One goal of Corviont is to avoid the on-device pain you hit with OSRM/Nominatim: the region pack is built once elsewhere, and the edge box mostly just serves prebuilt artifacts (PMTiles tiles, Valhalla routing tiles, and a SQLite geocoder index based on Nominatim).

In practice, requirements scale with region size and traffic. For larger regions the main constraint is usually SSD storage plus enough RAM headroom for routing/cache. I also picked Valhalla partly because it generally has a smaller RAM footprint than OSRM at serving time (OSRM is extremely fast but tends to be more memory-hungry).

packet_mover commented on Show HN: Offline tiles and routing and geocoding in one Docker Compose stack   corviont.com/... · Posted by u/packet_mover
t0mk · a month ago
I like how you packed only the necessities - tiles for maps, routing, and geocoding index in in sqlite. I checked the monaco deployment and missed lookup with street number, as someone else also pointed out.

Why not create a "builder" repo, where people could generate their own local datasets by a bounding box?

packet_mover · a month ago
Yeah, house-number lookup is not there yet. The demo geocoder does place/street-level search + reverse, but house numbers need a richer address index - it's on the roadmap.

Re: a bbox "builder" repo - it's an interesting idea. I could see it going two ways: (a) you want to run a bbox builder yourself, or (b) you want a simple way to specify a bbox so the dataset pack can be produced for you.

I started with the "ship a known-good pack" approach because the build pipeline is the messy part, and I want deployed boxes to stay simple/reproducible.

For your use case, which did you mean - run the build locally, or "draw/paste a bbox and get back a ready-to-run pack"? And would bbox be OK, or do you prefer admin boundaries (country/state/city)?

packet_mover commented on Show HN: Offline tiles and routing and geocoding in one Docker Compose stack   corviont.com/... · Posted by u/packet_mover
ikawe · a month ago
(Headway maintainer here)

Indeed there is currently no incremental update in Headway, and deployments are largely an exercise left to the reader.

For maps.earth (a Headway planet deployment), I typically rebuild the world, and then do a blue/green deployment.

I guess the one exception is for transit routing. We have individual transit zones small enough to fit into memory, which can be deployed incrementally. There’s nothing really built in about it - just another level of indirection via our “travelmux” service which redirects your routing queries to a different backend depending on mode and region.

packet_mover · a month ago
Thanks for chiming in - super helpful context.

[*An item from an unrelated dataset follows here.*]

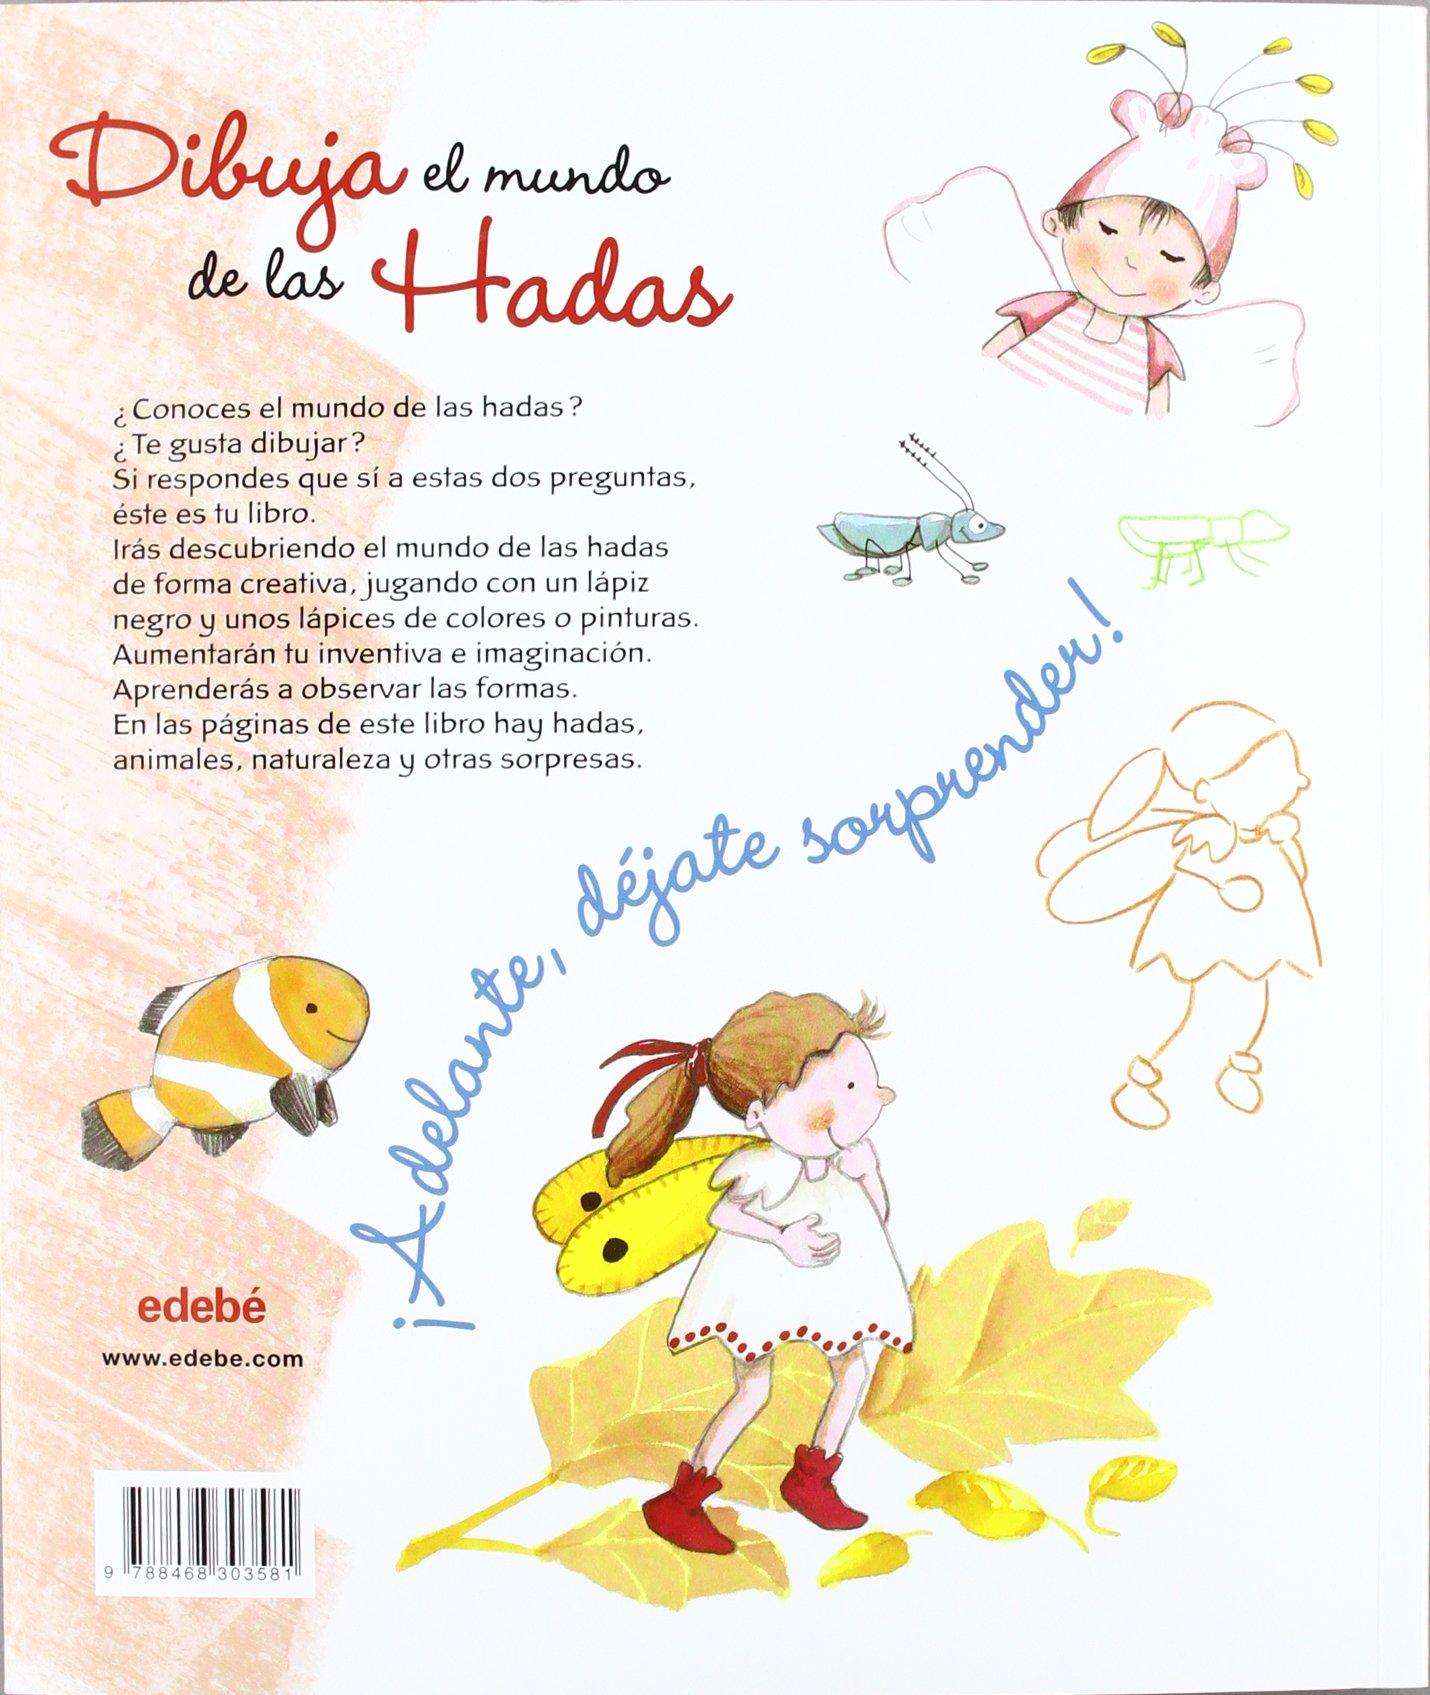 Amazonin Buy Dibuja El Mundo De Las Hadas Book Online At Low

I am trying to learn from real deployments as I design Corviont's updater for edge boxes (bandwidth caps, maintenance windows, unreliable WAN, atomic swap + rollback).

When you say transit "zones" are small enough to deploy incrementally - what is the actual artifact per zone (roughly what format), and what sizes do you typically see?

And when a transit zone dataset changes, how do you roll that out safely - do you restart/reload the backend that serves that zone, or do you bring up a new backend/version and then flip travelmux to point at it?